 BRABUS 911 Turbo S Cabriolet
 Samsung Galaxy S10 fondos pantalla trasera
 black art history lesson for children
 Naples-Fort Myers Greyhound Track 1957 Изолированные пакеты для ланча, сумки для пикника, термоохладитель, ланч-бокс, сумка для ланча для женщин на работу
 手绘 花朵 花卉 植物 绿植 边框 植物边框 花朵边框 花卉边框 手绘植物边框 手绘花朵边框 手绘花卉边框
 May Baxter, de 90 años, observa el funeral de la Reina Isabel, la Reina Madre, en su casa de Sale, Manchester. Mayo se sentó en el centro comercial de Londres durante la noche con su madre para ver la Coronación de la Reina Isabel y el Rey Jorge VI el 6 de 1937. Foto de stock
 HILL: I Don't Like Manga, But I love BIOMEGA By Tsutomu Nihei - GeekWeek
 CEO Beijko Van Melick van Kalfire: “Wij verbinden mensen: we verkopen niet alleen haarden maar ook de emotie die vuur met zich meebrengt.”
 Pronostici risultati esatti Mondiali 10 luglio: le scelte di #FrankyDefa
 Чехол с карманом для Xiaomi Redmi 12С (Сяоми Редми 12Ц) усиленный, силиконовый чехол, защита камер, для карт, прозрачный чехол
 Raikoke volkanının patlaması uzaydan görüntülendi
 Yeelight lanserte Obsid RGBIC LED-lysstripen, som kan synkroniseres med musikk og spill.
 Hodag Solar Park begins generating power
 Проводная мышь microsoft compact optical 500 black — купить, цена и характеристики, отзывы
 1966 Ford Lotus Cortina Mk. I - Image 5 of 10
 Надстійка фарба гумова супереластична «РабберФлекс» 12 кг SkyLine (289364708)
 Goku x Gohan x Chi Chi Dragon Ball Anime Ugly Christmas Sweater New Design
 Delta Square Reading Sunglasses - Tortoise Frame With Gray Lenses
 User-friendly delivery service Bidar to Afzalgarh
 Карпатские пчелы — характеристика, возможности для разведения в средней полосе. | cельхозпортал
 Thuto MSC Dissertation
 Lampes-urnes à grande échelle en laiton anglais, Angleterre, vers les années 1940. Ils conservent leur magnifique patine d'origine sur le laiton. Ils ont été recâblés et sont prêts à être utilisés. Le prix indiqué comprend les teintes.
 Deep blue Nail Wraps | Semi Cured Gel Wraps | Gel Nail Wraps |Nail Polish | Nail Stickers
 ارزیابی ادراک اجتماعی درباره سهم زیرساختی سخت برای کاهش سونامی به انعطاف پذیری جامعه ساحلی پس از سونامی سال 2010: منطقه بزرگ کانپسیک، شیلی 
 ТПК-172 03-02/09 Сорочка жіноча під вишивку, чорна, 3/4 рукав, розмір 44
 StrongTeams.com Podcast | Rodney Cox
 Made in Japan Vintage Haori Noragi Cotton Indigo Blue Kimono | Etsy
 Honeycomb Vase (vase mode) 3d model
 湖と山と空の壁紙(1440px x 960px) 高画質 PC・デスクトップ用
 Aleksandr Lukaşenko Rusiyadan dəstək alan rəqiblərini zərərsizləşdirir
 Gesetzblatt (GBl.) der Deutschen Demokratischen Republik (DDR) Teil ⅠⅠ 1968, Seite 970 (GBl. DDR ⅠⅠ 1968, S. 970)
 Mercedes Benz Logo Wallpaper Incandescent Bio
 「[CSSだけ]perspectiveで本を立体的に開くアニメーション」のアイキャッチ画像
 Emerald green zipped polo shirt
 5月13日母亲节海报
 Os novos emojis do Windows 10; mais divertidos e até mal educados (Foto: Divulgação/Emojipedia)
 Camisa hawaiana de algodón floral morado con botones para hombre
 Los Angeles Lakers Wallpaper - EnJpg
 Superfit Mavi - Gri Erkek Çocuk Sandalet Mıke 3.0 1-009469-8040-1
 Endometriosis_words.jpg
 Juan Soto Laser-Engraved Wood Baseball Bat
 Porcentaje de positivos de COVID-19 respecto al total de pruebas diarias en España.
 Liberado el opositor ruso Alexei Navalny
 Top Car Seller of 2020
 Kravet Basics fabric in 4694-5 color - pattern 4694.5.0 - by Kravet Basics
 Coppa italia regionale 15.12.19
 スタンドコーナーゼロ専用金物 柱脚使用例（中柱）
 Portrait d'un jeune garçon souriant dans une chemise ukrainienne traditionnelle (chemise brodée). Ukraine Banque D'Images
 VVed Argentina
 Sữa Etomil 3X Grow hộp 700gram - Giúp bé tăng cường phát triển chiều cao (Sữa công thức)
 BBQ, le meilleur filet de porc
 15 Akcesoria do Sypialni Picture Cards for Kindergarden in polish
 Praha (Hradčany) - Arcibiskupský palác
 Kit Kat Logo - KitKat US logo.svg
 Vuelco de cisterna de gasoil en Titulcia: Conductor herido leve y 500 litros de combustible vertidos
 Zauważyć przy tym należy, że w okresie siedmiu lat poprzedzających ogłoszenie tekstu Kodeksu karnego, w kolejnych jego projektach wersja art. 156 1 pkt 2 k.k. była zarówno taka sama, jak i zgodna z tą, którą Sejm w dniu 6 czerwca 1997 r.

◇ ◇ ◇ ◇ ◇ ◇ ◇

#### PROBLEM TO WORK ON:
Output only the lines from the one that contains "Kit Kat Logo - KitKat US logo.svg" through the last line of the data above, each restated exactly.

#### RESULT OF THE TASK:
 Kit Kat Logo - KitKat US logo.svg
 Vuelco de cisterna de gasoil en Titulcia: Conductor herido leve y 500 litros de combustible vertidos
 Zauważyć przy tym należy, że w okresie siedmiu lat poprzedzających ogłoszenie tekstu Kodeksu karnego, w kolejnych jego projektach wersja art. 156 1 pkt 2 k.k. była zarówno taka sama, jak i zgodna z tą, którą Sejm w dniu 6 czerwca 1997 r.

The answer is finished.